Monday, December 19, 2005

"YES VIRGINIA, THERE IS A SANTA CLAUS"

Still steaming over Congressman Ackermans lack of respect for those who celebrate Christmas, I was so happy and comforted when in today’s NY Sun I read a reprint from a letter sent to the Sun in 1897. In September 1897, an eight-year-old New York girl named Virginia O'Hanlon wrote a letter to the editor of the New York Sun asking, "Is there a Santa Claus?" In reply Francis P. Church wrote an editorial, which pleased so many readers that the Sun printed it every year during the Christmas season, from 1897 to 1949.

As a father of a four-year-old son who for the past month has seen my sons eyes gleam with anticipation asking each morning if today is Christmas and when he can open the last door on the Advent calendar, the letter and response left me touched and sad for people like Congressman Ackerman who want to take it away. The letter and editorial, from Sept. 21, 1897 is as follows:

Dear Editor:

I am 8 years old. Some of my little friends say there is no Santa Claus. Papa says: "If you see it in The Sun, it's so." Please tell me the truth: Is there a Santa Claus?
Virginia O'Hanlon, 115 West Ninety-fifth Street.


Virginia, your little friends are wrong. They have been affected by the skepticism of a skeptical age. They do not believe except what they see. They think that nothing can be which is not comprehensible by their little minds. All minds, Virginia, whether they be men's or children's, are little.

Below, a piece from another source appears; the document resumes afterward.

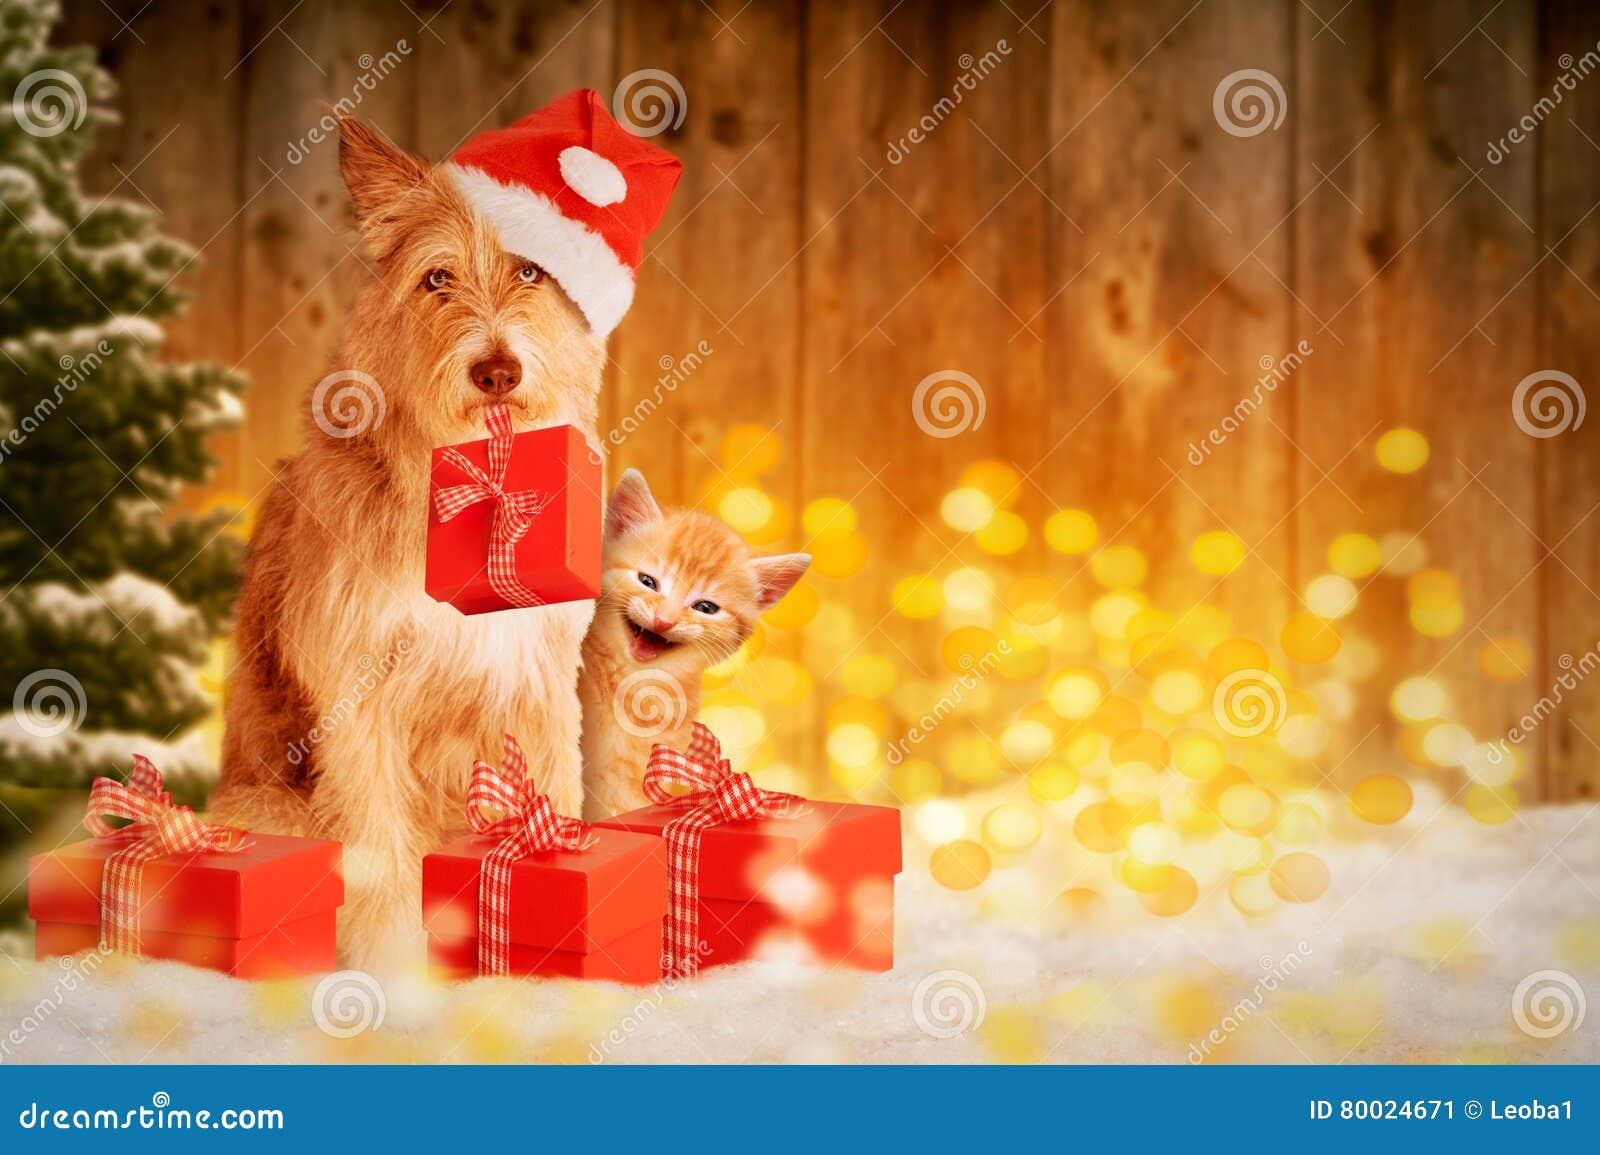 Hund Und Katze Am Weihnachten Mit Geschenken Stockbild - Bild von ...

In this great universe of ours man is a mere insect, an ant, in his intellect, as compared with the boundless world about him, as measured by the intelligence capable of grasping the whole of truth and knowledge.

Yes Virginia, there is a Santa Claus. He exists as certainly as love and generosity and devotion exist, and you know that they abound and give to your life its highest beauty and joy. Alas! how dreary would be the world if there were no Santa Claus! It would be as dreary as if there were no Virginias. There would be no child-like faith then, no poetry, no romance to make tolerable this existence. We should have no enjoyment, except in sense and sight. The eternal light with which childhood fills the world would be extinguished.

Not believe in Santa Claus! You might as well not believe in fairies! You might get your papa to hire men to watch in all the chimneys on Christmas Eve to catch Santa Claus, but even if they did not see Santa Claus coming down, what would that prove? Nobody sees Santa Claus, but that is no sign that there is no Santa Claus. The most real things in the world are those that neither children nor men can see. Did you ever see fairies dancing on the lawn? Of course not, but that's no proof that they are not there. Nobody can conceive or imagine all the wonders there are unseen and unseeable in the world.

You may tear apart the baby's rattle and see what makes the noise inside, but there is a veil covering the unseen world which not the strongest man, nor even the united strength of all the strongest men that ever lived, could tear apart. Only faith, fancy, poetry, love, romance can push aside that curtain and view and picture the supernatural beauty and glory beyond. Is it all real? Ah, Virginia, in all this world there is nothing else real and abiding.

No Santa Claus! Thank God he lives, and he lives forever! A thousand years from now, Virginia, nay, ten times ten thousand years from now, he will continue to make glad the heart of childhood.